Para isso, a introdução nos fornece elementos de capital importância. Como vimos, para atender às exigências de seus discípulos, o mestre anuncia o plano que adotou: “Dividi em cem moradas, repartidas em dez seções”. Segue uma observação que transforma em regra o que uma citação de Junayd apontava como mera possibilidade: “Na minha opinião, o servo não possui uma morada de forma perfeita enquanto não se eleva acima dela, depois a domina e a corrige”. Relacionada a um dito de Busrî que Ansârî fez seu: “Deus tem servos a quem mostra em seus começos o que contêm suas etapas supremas”, essa observação deve nos alertar contra qualquer concepção linear do itinerário espiritual. A ordem de sucessão das etapas pode ser alterada conforme as iniciativas de Deus e as vocações individuais. Por outro lado, não se sai de uma morada para entrar em outra: quanto mais se progride, mais as aquisições passadas se enriquecem e se aperfeiçoam. Daí a importância da autenticidade dos começos, sobre os quais se construirá todo o edifício.

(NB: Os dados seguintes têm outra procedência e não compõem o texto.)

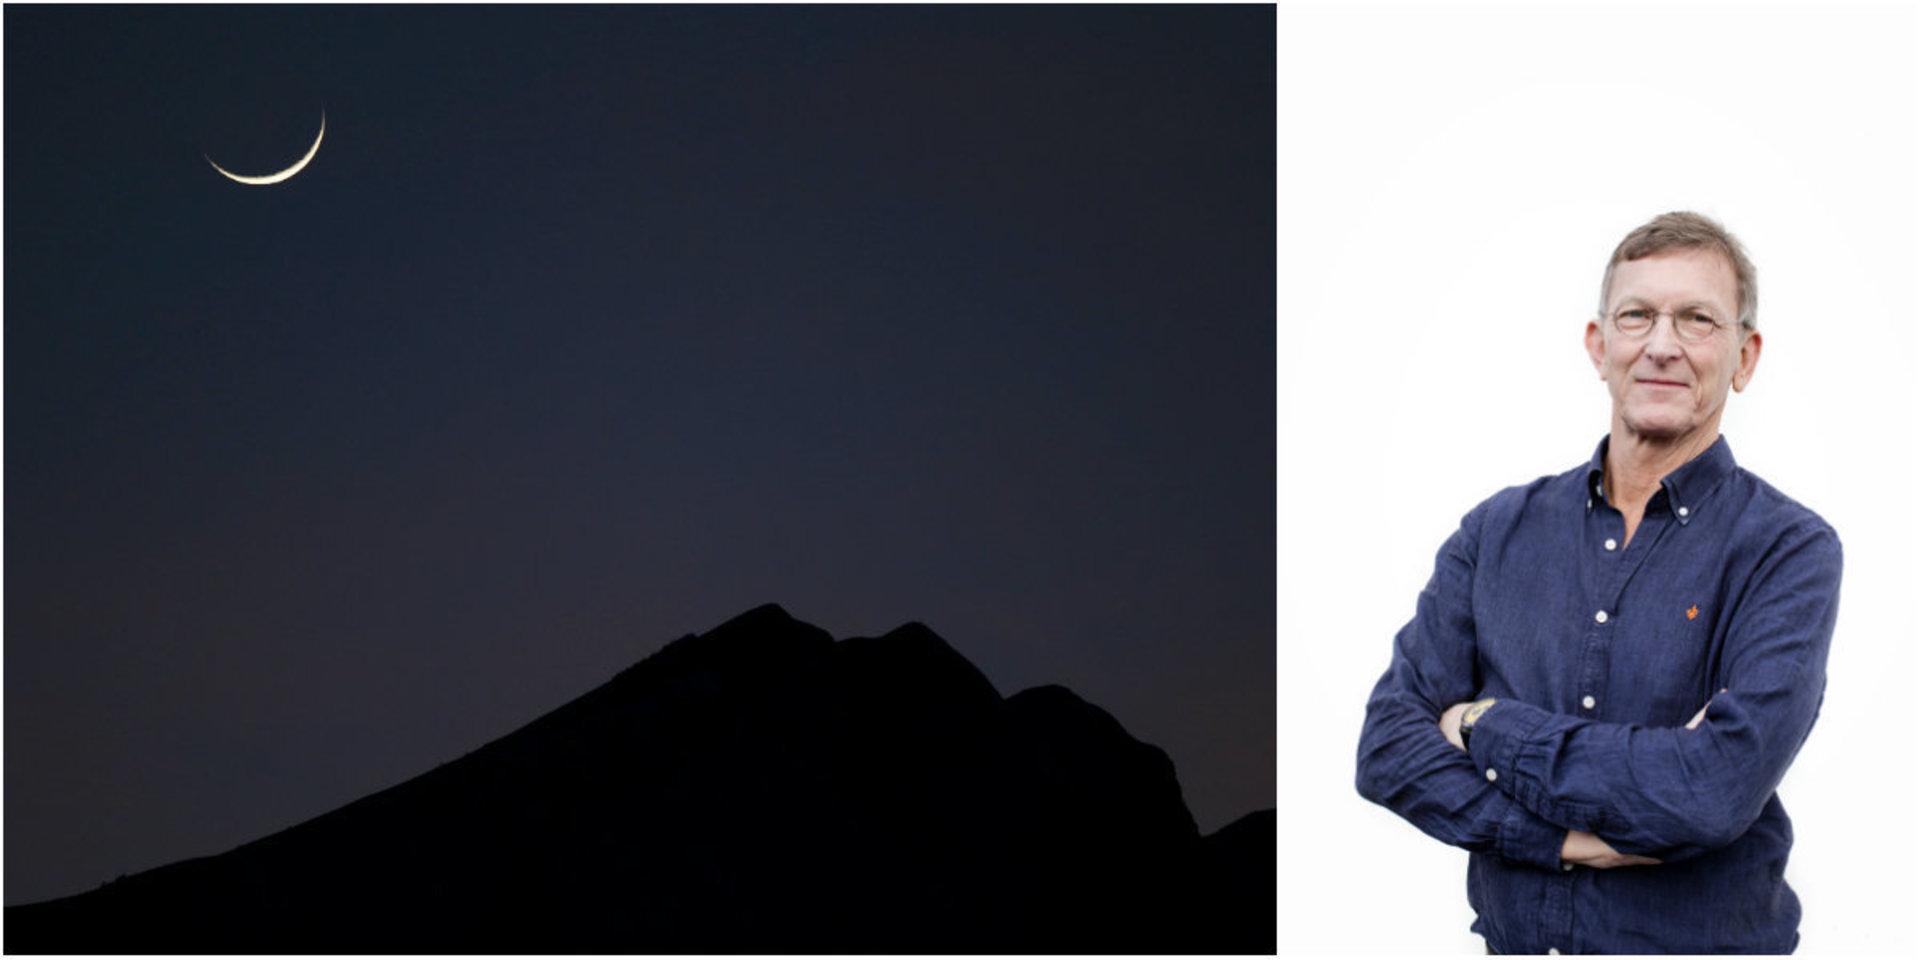 Helgkrönikören Tomas Sjödin blev i veckan upprymd av en vetenskapsnyhet – om mörker.

Dito isso, Ansârî continua: “Além disso, nessa questão as pessoas são de três tipos: um homem que age, dividido entre o temor e a esperança e tendendo ao amor sem abandonar a modéstia; é aquele que se chama murîd. Um homem arrebatado do vale da dispersão para o vale da concentração em Deus; é aquele que se chama murâd. Aquele que não é nem um nem outro é um presunçoso, induzido em tentação, seduzido”. Embora sejam objeto de capítulos particulares (cap. 43 e 50), os estados de murîd e murâd (via ativa e via passiva) assim se repartem entre todos os Itinerantes autênticos. Tal como são evocados aqui, representam realidades dinâmicas e complexas, cujos elementos serão estudados separadamente, como diversas moradas, ao longo da obra.

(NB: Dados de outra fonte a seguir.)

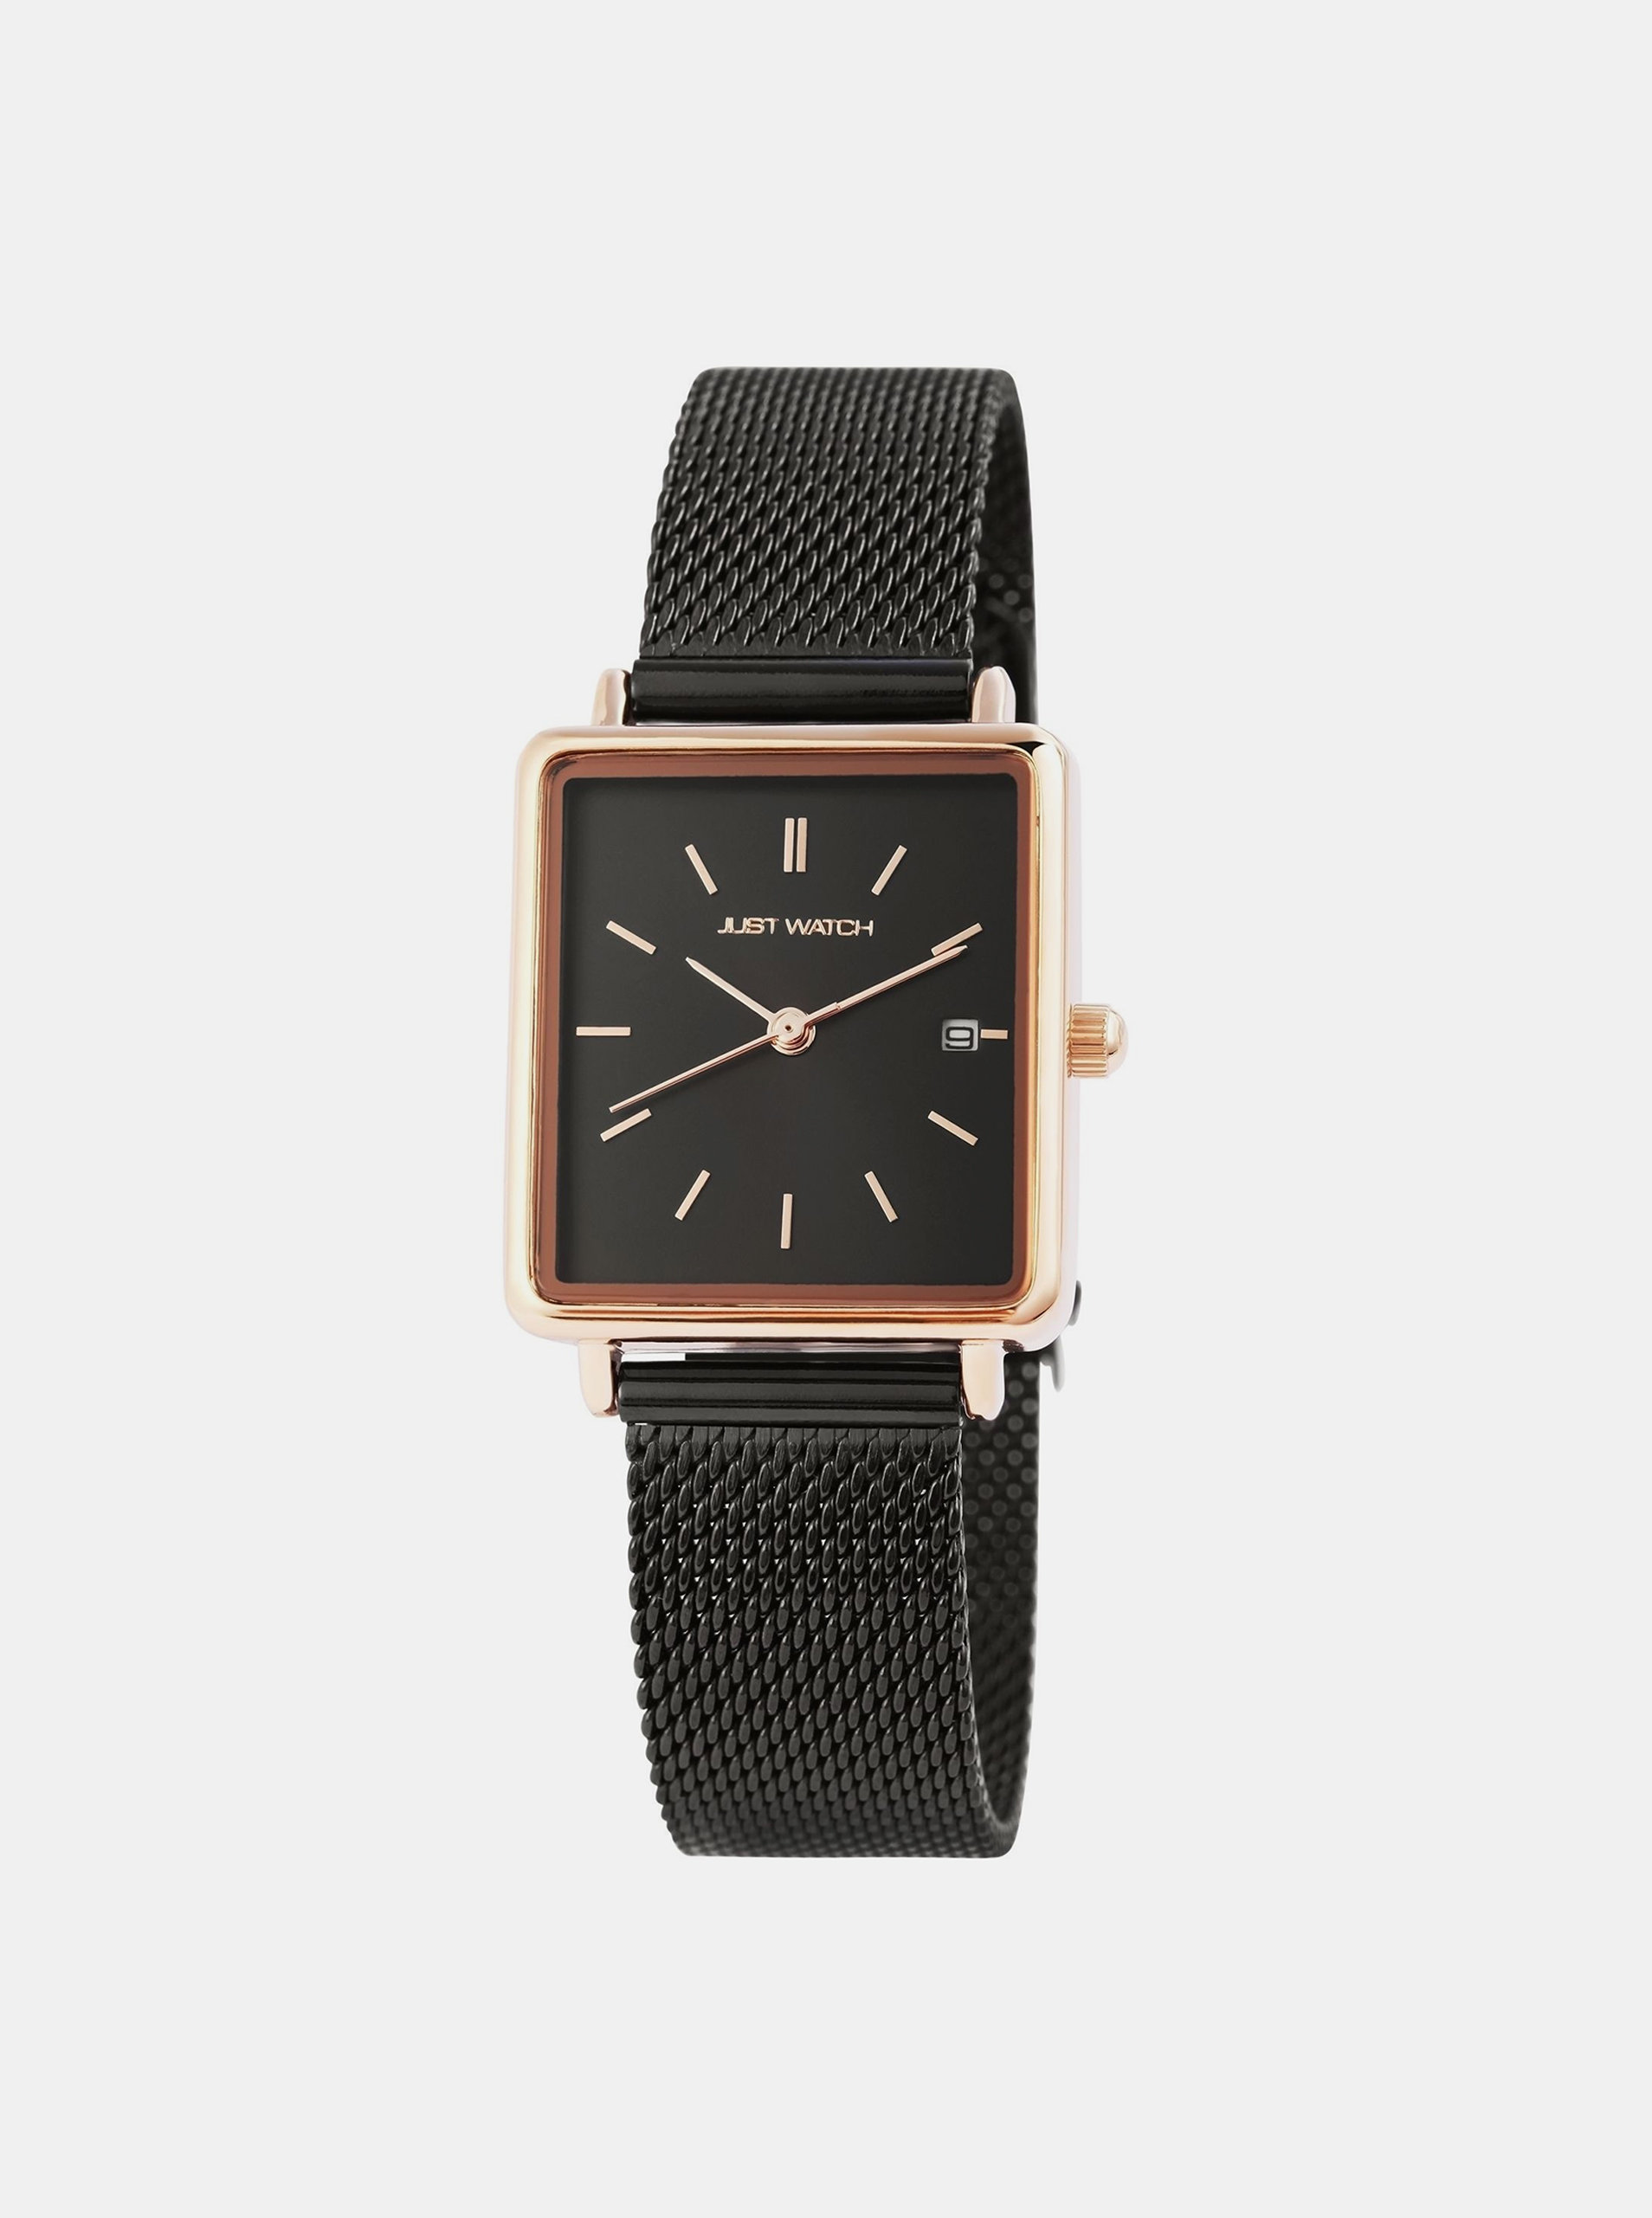 Dámské hodinky s nerezovým páskem v černé barvě Just Watch

O mesmo ocorre com os três estágios (rutab) que, nos diz o autor, reúnem todas as moradas: a partida daquele que fez o propósito de avançar (cap. 41), sua entrada no desenraizamento (cap. 77), sua chegada à contemplação (cap. 82) que atrai para a pura essência da Unificação (cap. 100) no caminho do aniquilamento (cap. 92).

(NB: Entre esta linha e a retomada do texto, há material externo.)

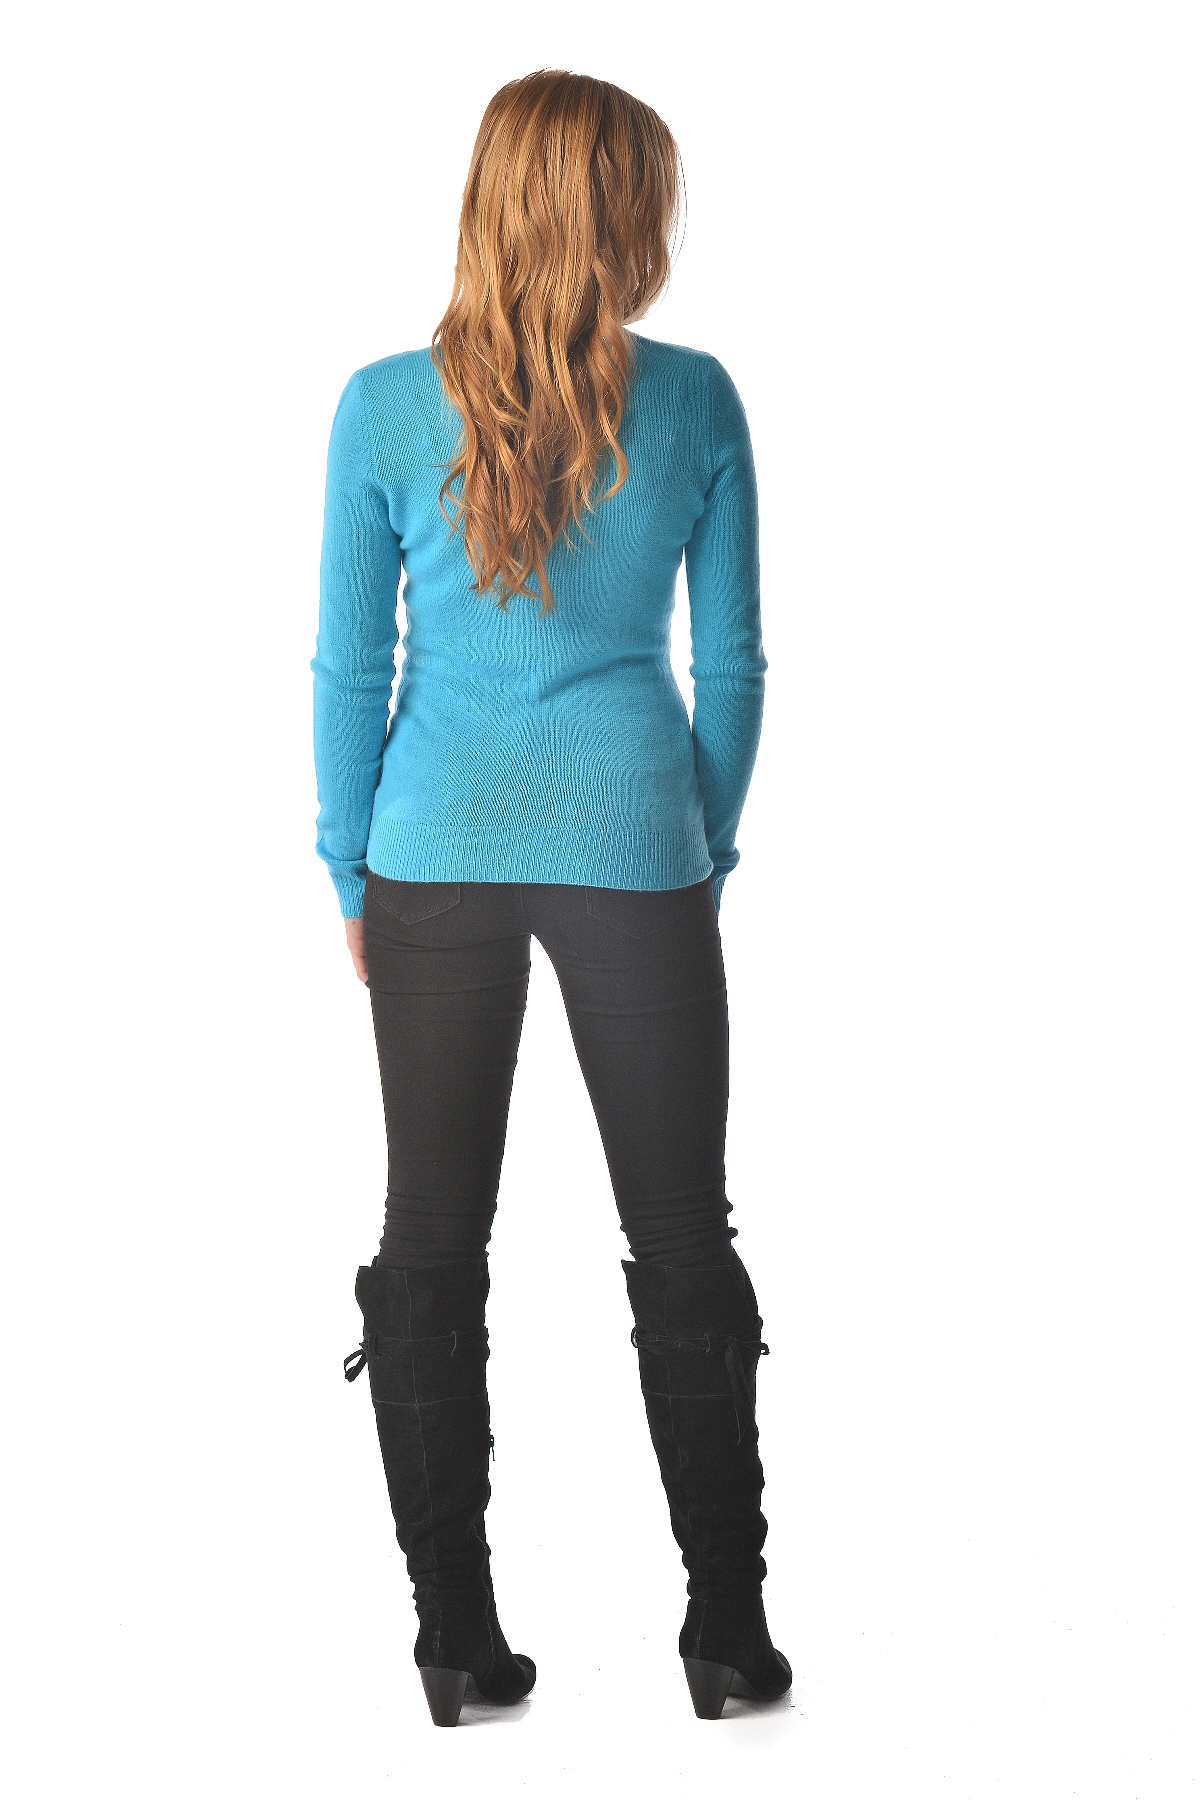 Pure Cashmere V-Neck Spring Sweater for Women (Camel, Medium)

Finalmente, Ansârî nos diz: “Distinguí para ti os graus de cada uma dessas moradas, para que conheças o grau do Comum das Pessoas que a elas se dedicam, depois o grau do Progressista, depois o grau do Realizador. Cada um deles tem uma regra de marcha, um caminho e uma direção que lhe são atribuídos; plantou-se para ele um estandarte ao qual é enviado, e deu-se-lhe um objetivo para o qual é estimulado”. Essas imagens evocam um cross-country, o oposto de uma descrição estática. O caráter dinâmico do itinerário espiritual era aliás indicado desde o título da obra: As Etapas dos Itinerantes e não moradas (termo estático) ou mesmo terrenos (termo neutro). Ao longo da obra, Ansârî falará de capítulos, mostrando que se trata de um simples ordo expositionis.